Creative Nonfiction

Relevé: To Rise

MY BALLET TEACHERS studio wall featured a black-and-white photograph of her dancing as the prima ballerina for Boston Ballet in the 1960s. Edra Toth was captured in one of her favorite positions, écarté, which translates from French as “separated” or “thrown apart” because of the way the dancer’s body seems pulled in two different directions. The image was striking in its softness—the elongated L shape of her arms, fingertips floating above her extended leg and curved foot; the profile of her head, slanted down, eyes tracing past her lower arm into the shadow. The fluid lines of her arms and legs glowed white against the black backdrop, and perhaps it was the old camera’s quality, but it was as if she were dancing as a mist, rising up out of the darkness.

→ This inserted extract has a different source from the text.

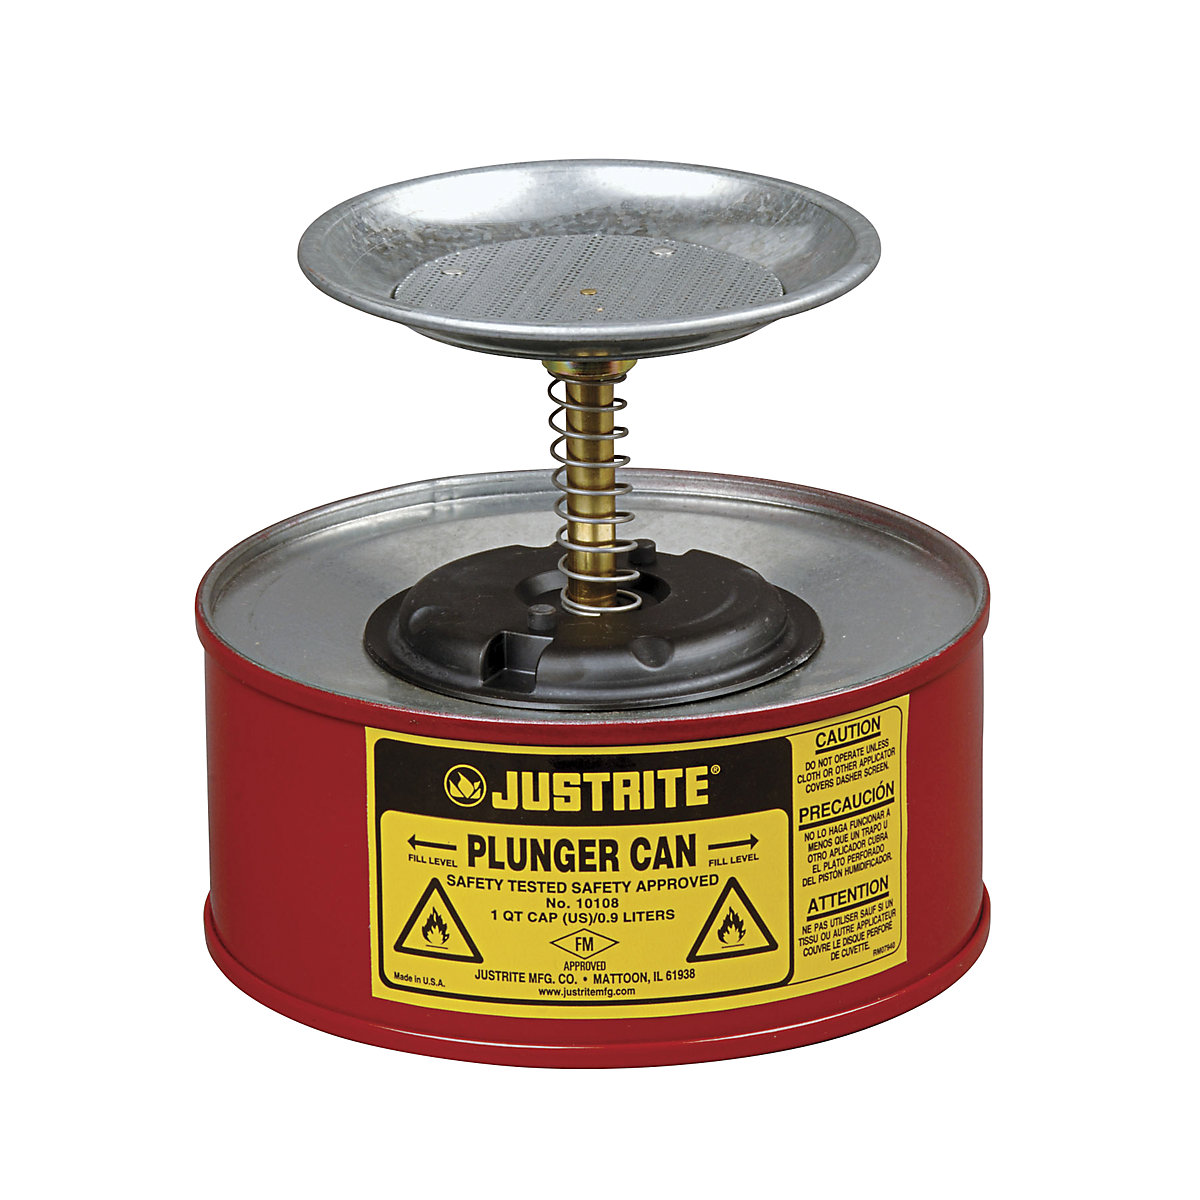 Plunger can - Justrite

I FOLLOWED EDRA out of the studio after an adult ballet class in Dover, New Hampshire. She wore an old fleece and a purple fuzzy hat that resembled an oversized sock. She was carrying a floral bag full of clothes and CD cases, a music player, and a box of tickets for her upcoming production of The Nutcracker.

“Let me help,” I said.

“Oh, don’t worry, I have it,” she said, letting me take the box anyway.

The air cut deep into our lungs, and our breath billowed as we walked across the lot to her car. Now in her sixties, Edra still carried the hard-earned posture and physique of her Boston Ballet days, walking everywhere as if crossing a stage.

I set the box down in her trunk. Edra had her cigarette lit before I looked up—an American Spirit with a plastic tar filter attached, stained brown and red from tar and lipstick. Her thin fingers were layered with rings, and she had long, painted nails that curled at the ends. She puffed daintily, clouds of smoke fading into the night.

Edra had cast me in The Nutcracker as of one of the dancers in the “Waltz of the Flowers.” The show was a couple of months out, and I was nervous. I was twenty-four years old and had never performed en pointe before. But mostly I was excited. I thanked Miss Edra for giving me the part.

She hugged me tight. “I’m your biggest fan,” she said. “My biggest regret with you though—just one regret.” She took another drag, squinting as she blew out. “All those years.”

“In high school?” I asked.

“Yes. All those years you could have been dancing.”

She exhaled her last puff, crushing her cigarette with the toe of her shoe. “And you listen to me,” she said, her eyes locked on me.